**Exercise brief:** Everything from the line that holds "Princess Pink Crown" through the end of the listing below must be retyped word for word, without any pictures.

(Supplied material)

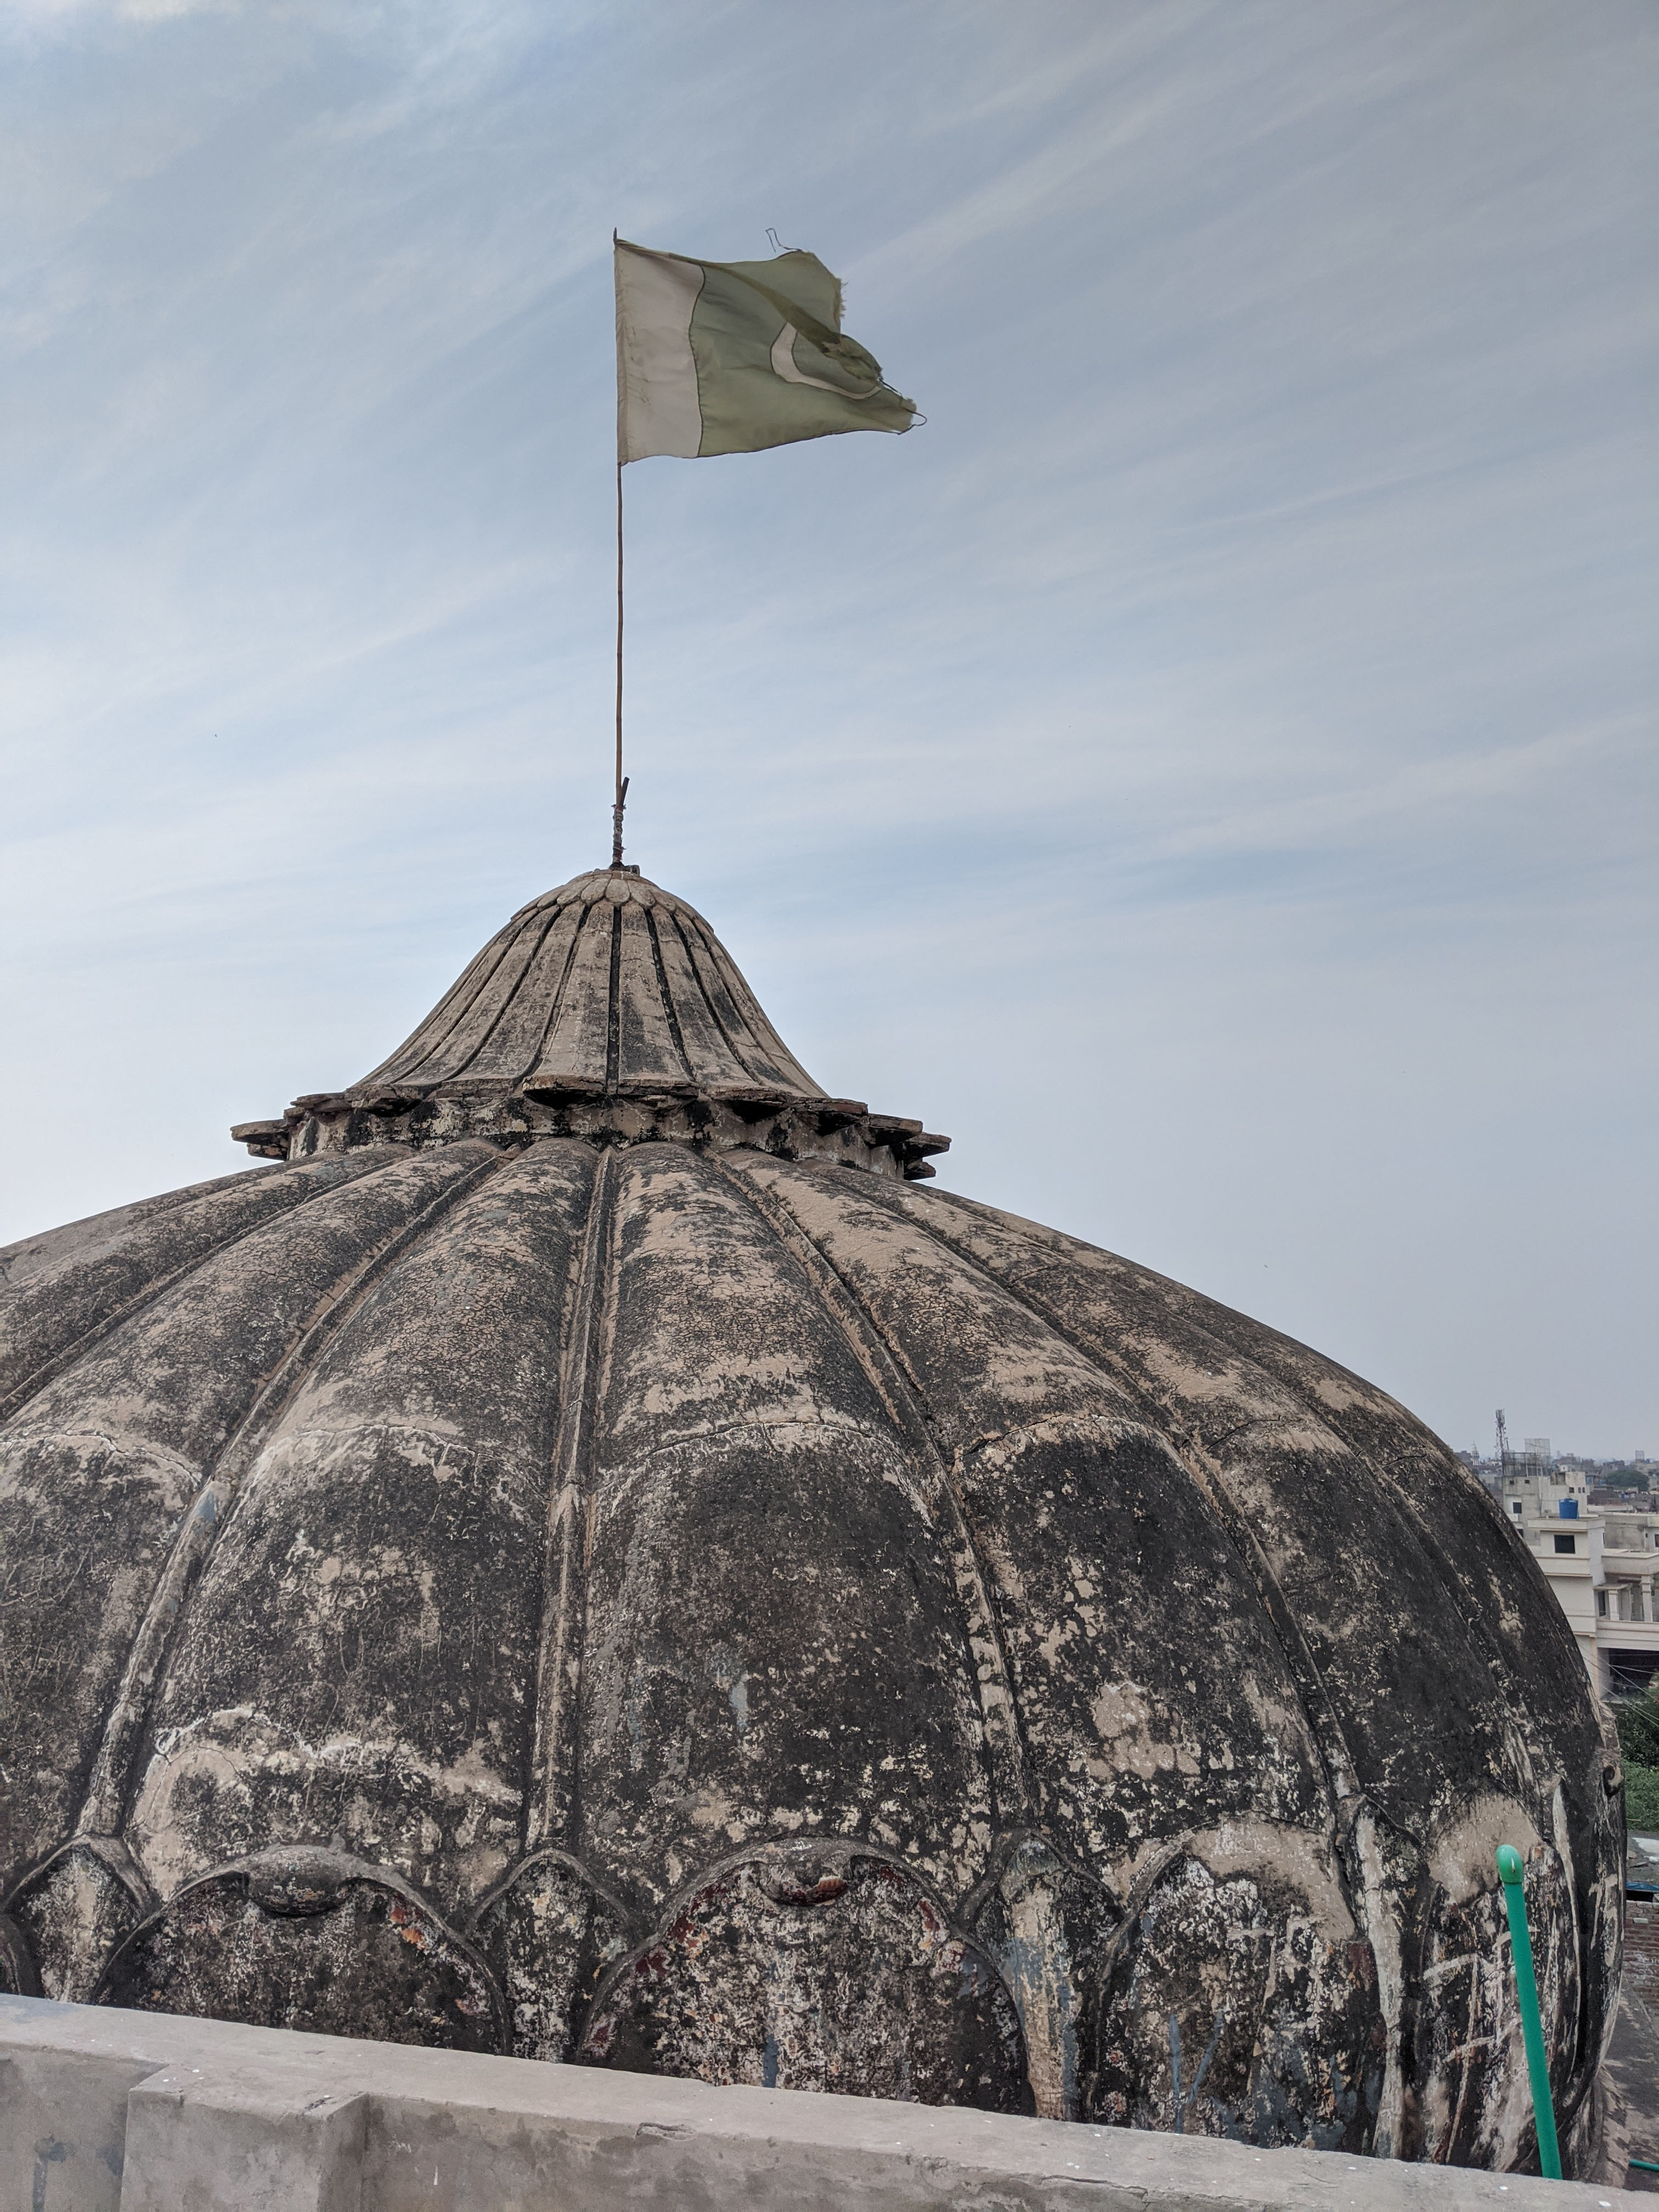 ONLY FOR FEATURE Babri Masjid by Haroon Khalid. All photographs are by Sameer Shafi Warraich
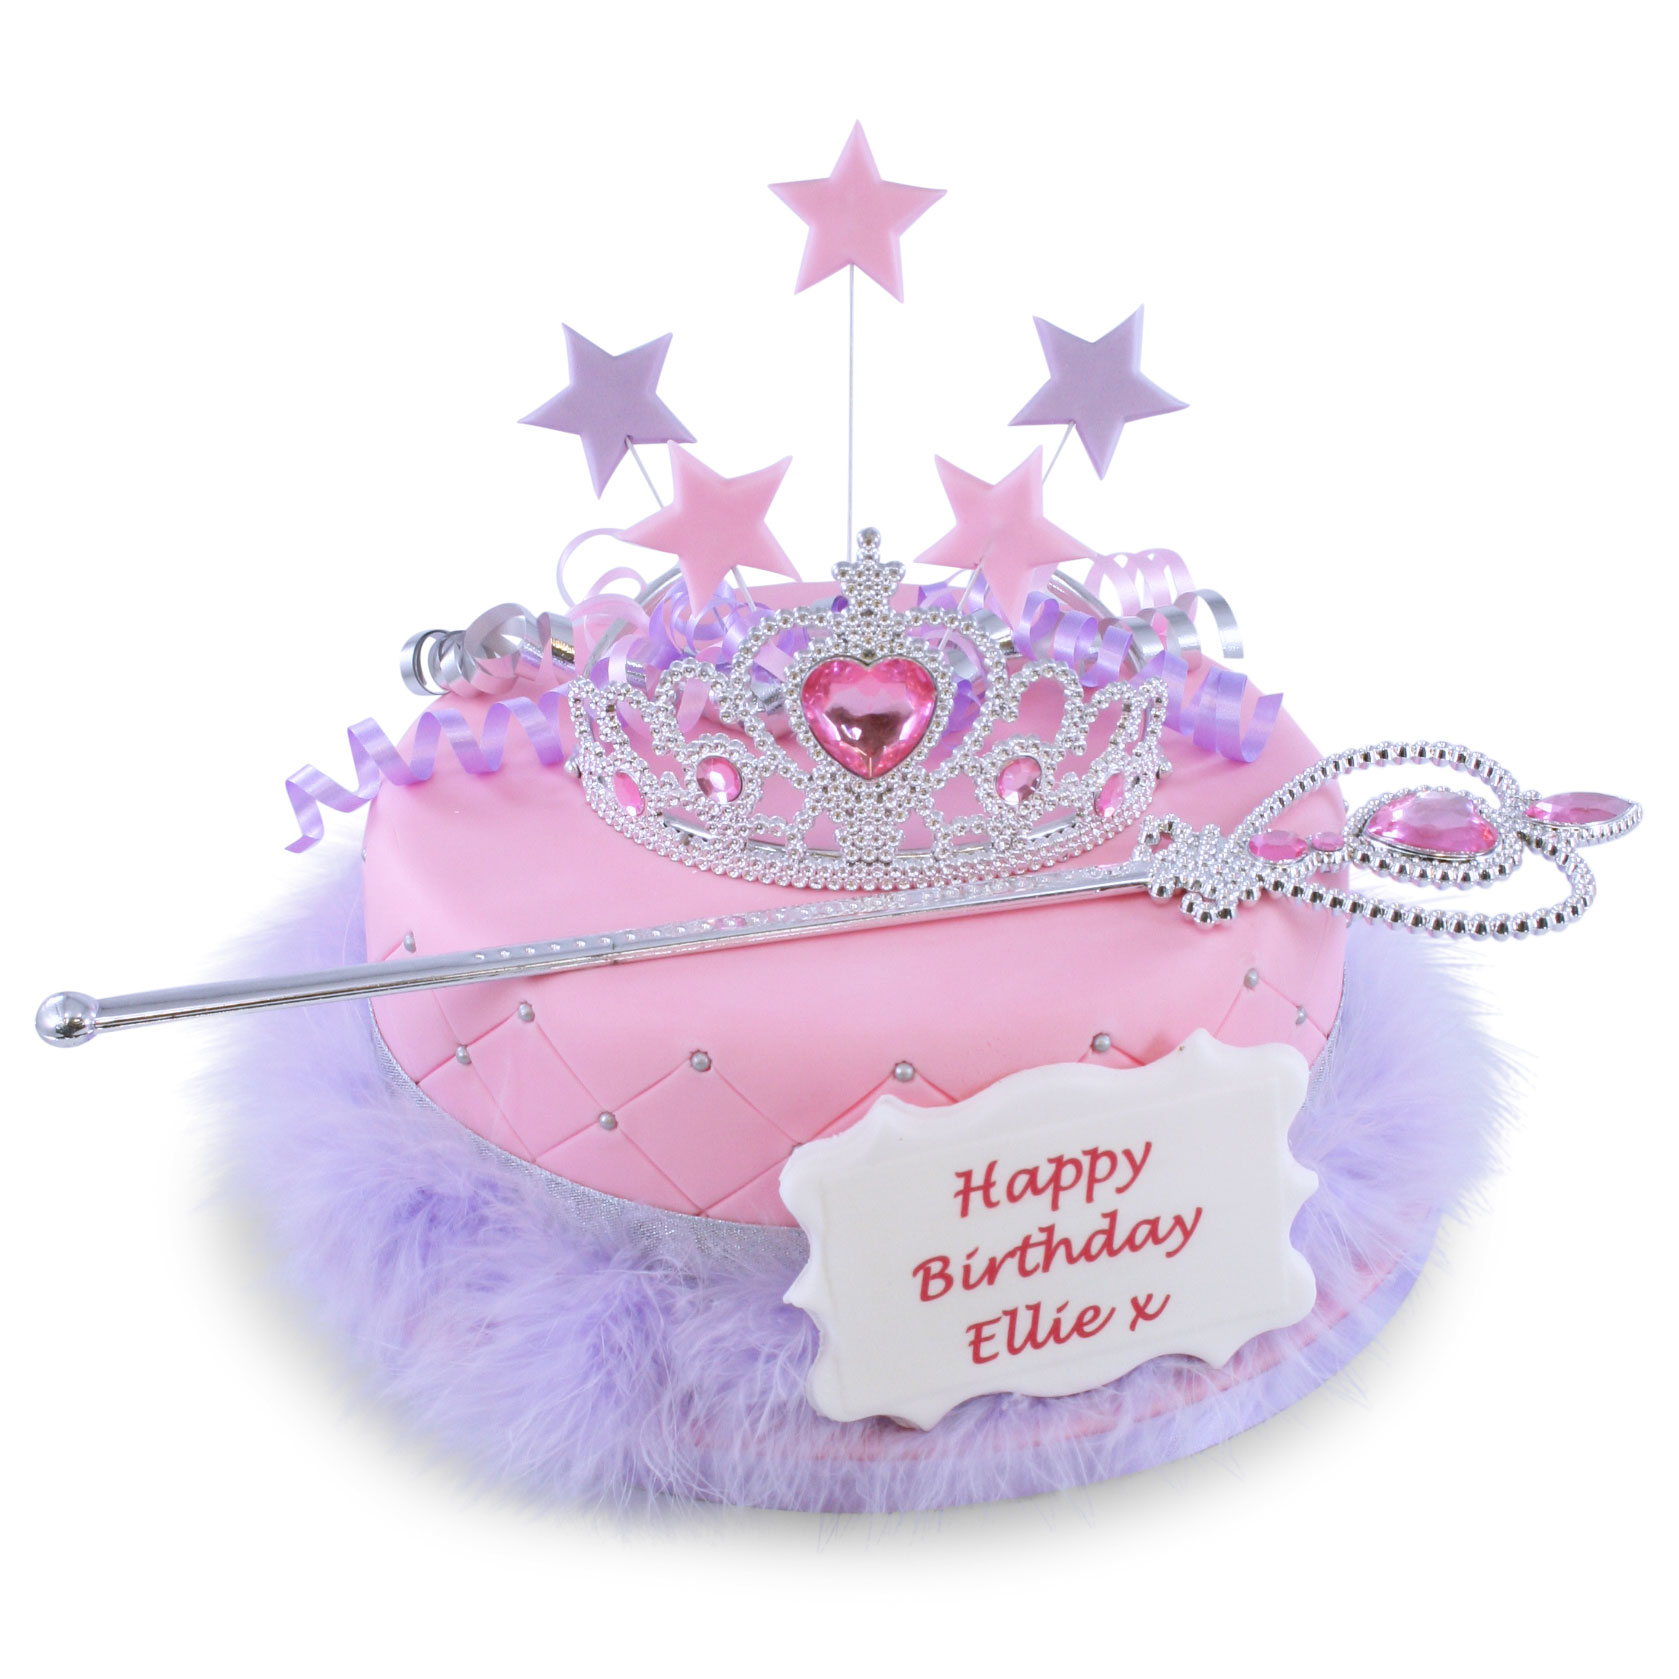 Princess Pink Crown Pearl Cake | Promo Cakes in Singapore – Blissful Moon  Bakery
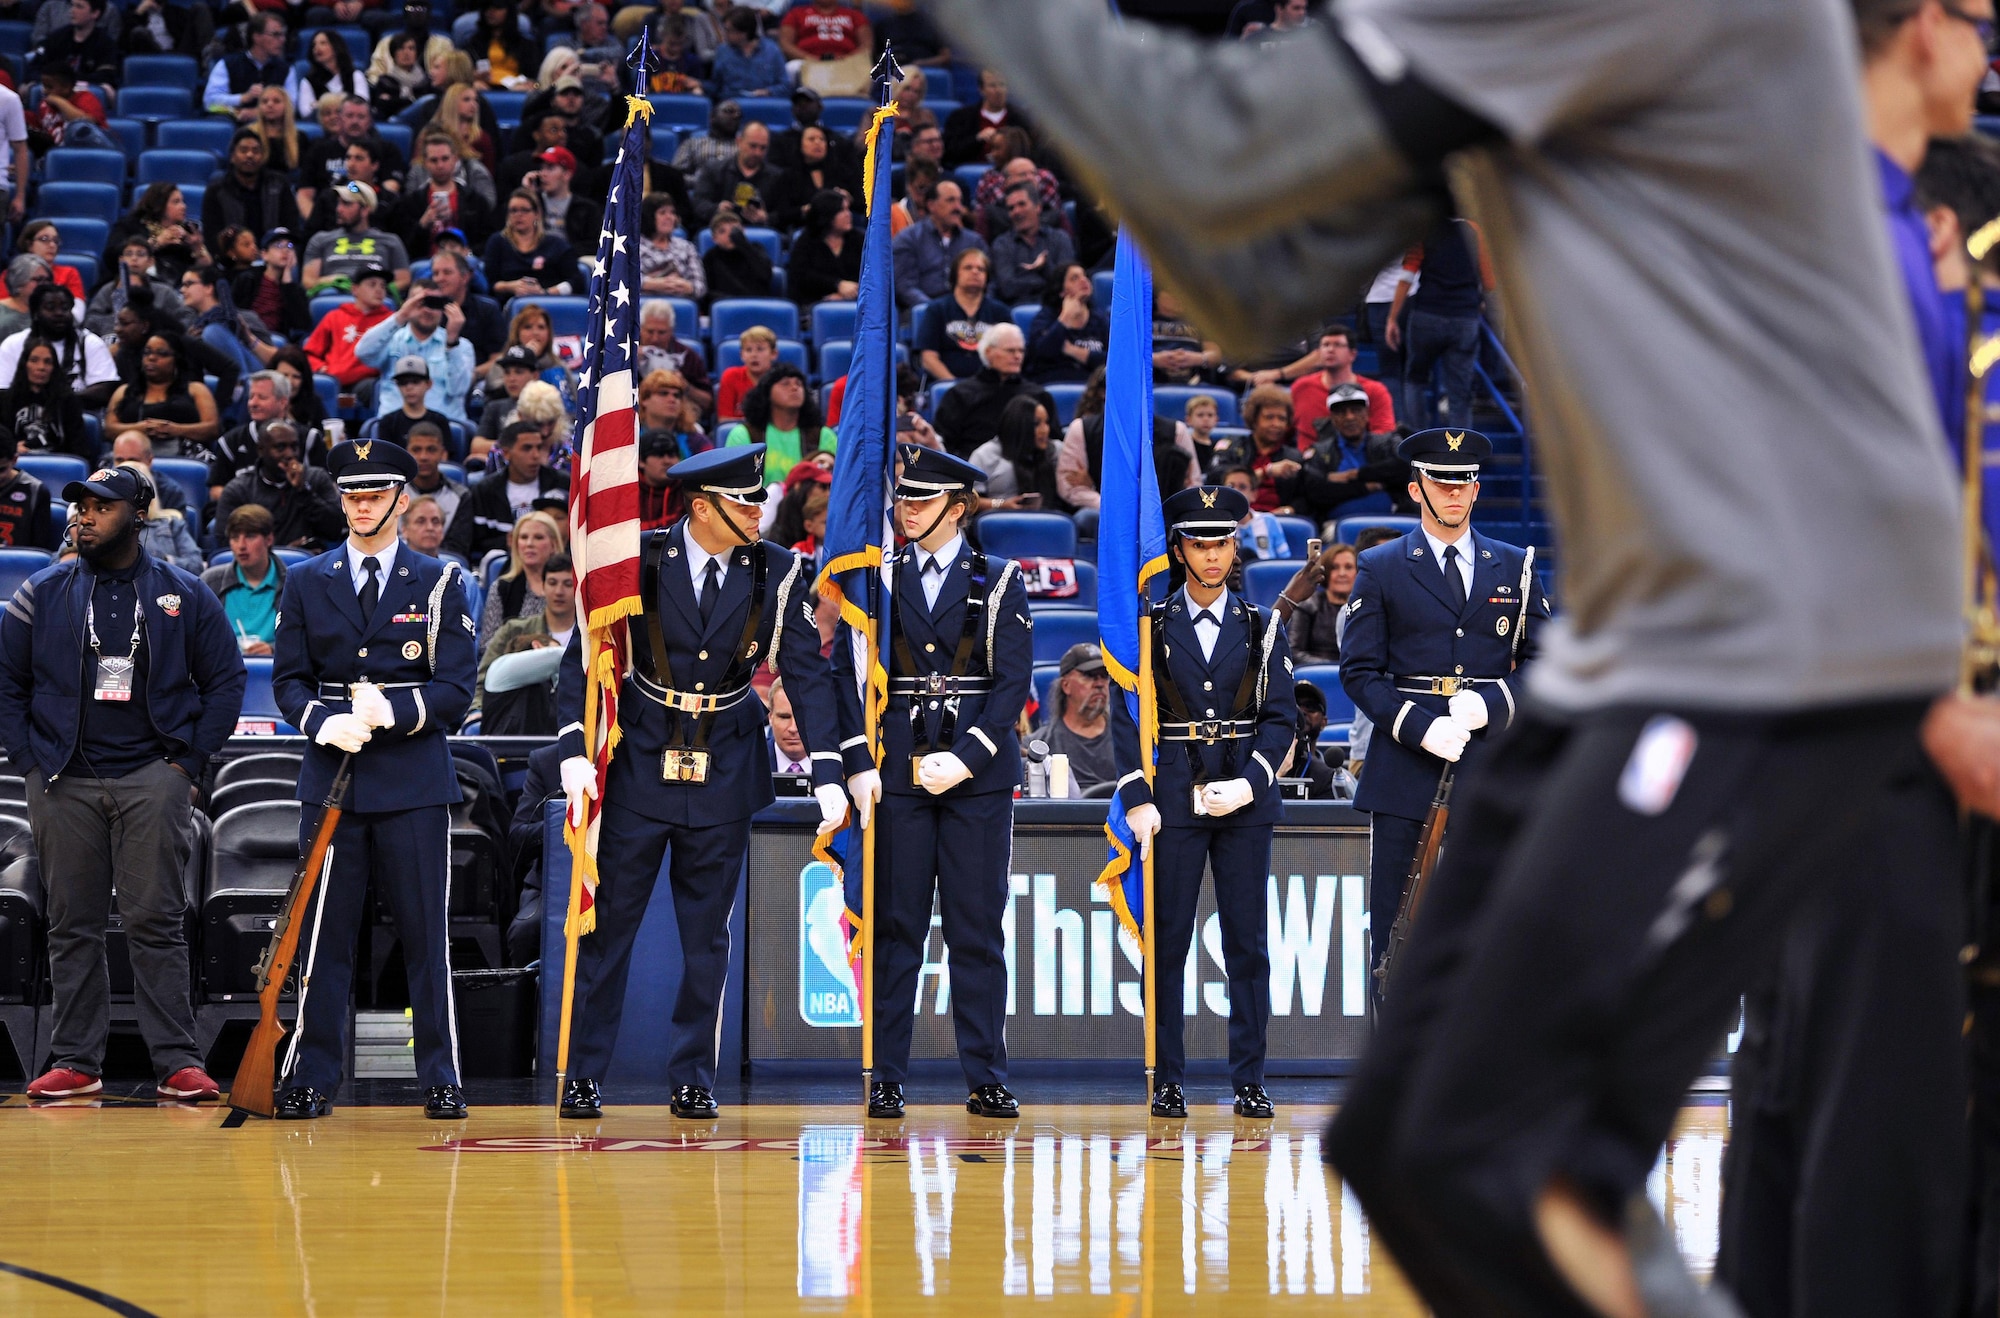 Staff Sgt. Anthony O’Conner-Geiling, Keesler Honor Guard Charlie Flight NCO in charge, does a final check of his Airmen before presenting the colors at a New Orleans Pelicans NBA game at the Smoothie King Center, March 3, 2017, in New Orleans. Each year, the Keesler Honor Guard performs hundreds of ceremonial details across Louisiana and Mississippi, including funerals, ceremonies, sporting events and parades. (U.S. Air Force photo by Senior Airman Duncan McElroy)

(End Supplied material)

**Written solution:**
 Princess Pink Crown Pearl Cake | Promo Cakes in Singapore – Blissful Moon  Bakery
 Staff Sgt. Anthony O’Conner-Geiling, Keesler Honor Guard Charlie Flight NCO in charge, does a final check of his Airmen before presenting the colors at a New Orleans Pelicans NBA game at the Smoothie King Center, March 3, 2017, in New Orleans. Each year, the Keesler Honor Guard performs hundreds of ceremonial details across Louisiana and Mississippi, including funerals, ceremonies, sporting events and parades. (U.S. Air Force photo by Senior Airman Duncan McElroy)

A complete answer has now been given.